Calcutta. Sweet and putrid, the city's air filled every conceivable crack of stone, drifting in gently rolling waves of spice, excrements and human sweat down the narrow streets, towards the holy river Ganges. In the days before the blessing of the monsoon would come, breathing was nearly impossible each breath a mixture of the thousand secret smells of Calcutta, layered with the excruciating heat and all the untold secrets that made the city the sweltering hellhole she was. Swarms of flies gathered over the generous offerings of the holy cows on the streets, and one unlucky enough to pass by one of those offerings too closely would be surrounded by flies as if he himself were an offering, a gift, or a corpse floating down the Ganges, unburned, unmarked, nameless.
Under the banyan trees that guarded the larger streets, women sold spice, woven cloth, or themselves.
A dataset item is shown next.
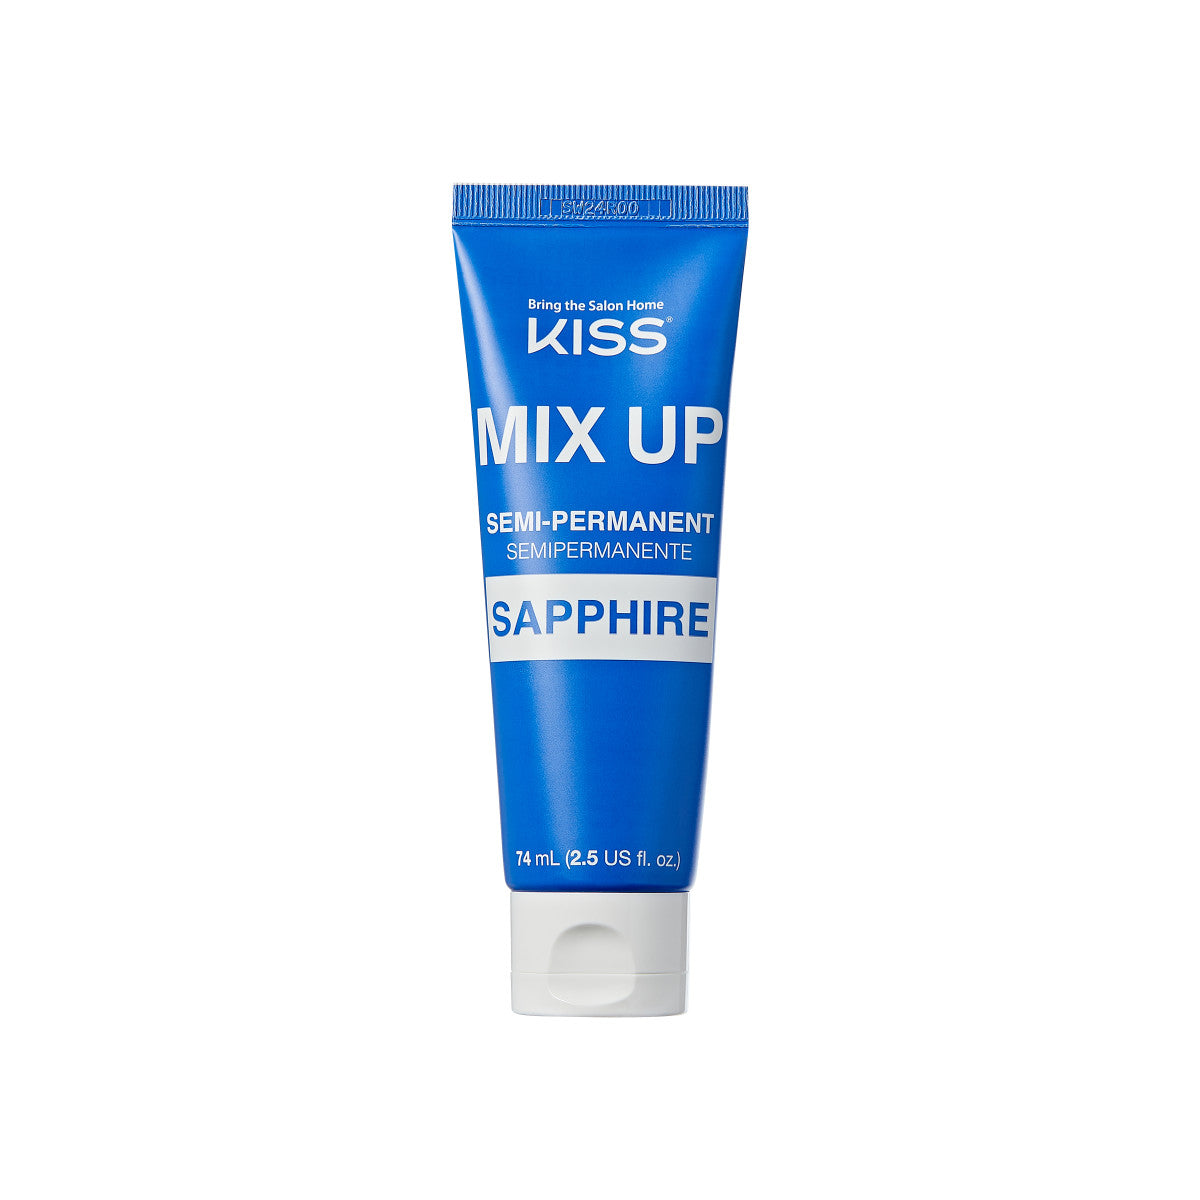 Mix Up Complete Hair Color Kit – Sapphire &amp; Alpine Green

Men, carrying buckets of cheap tap water on their shoulders, offered their tin cups to tourists, filled to brimming with waters that had never been clean. The Hooghly River, an offshoot of the holy Ganges, lay silent as a fat snake under the blaring eye of the sun. On the banks of the Ganges, the ashes from yesterday's ceremonial burning lay unstirred by wind or breath. The Ganges itself, placid, all-knowing, flowed without disturbance, washing the banks clean of ashes in gently rolling waves, carrying the remains of humanity towards the ocean.
He was bored to tears.
Schuldig flipped his heavy hair over one shoulder, cursing softly as the sweaty strands clung to the skin of his back. Below him, Calcutta's image was wavering for a moment as another wave of heat hit him, took his breath away. He inhaled and tasted each nuance of the boiling pot that called herself a town, each smell blending with another to create a new, different experience for his nose and tongue. Yes, Calcutta's air was heavy, and meaty - on a really hot day, one could almost cut the atmosphere with a knife.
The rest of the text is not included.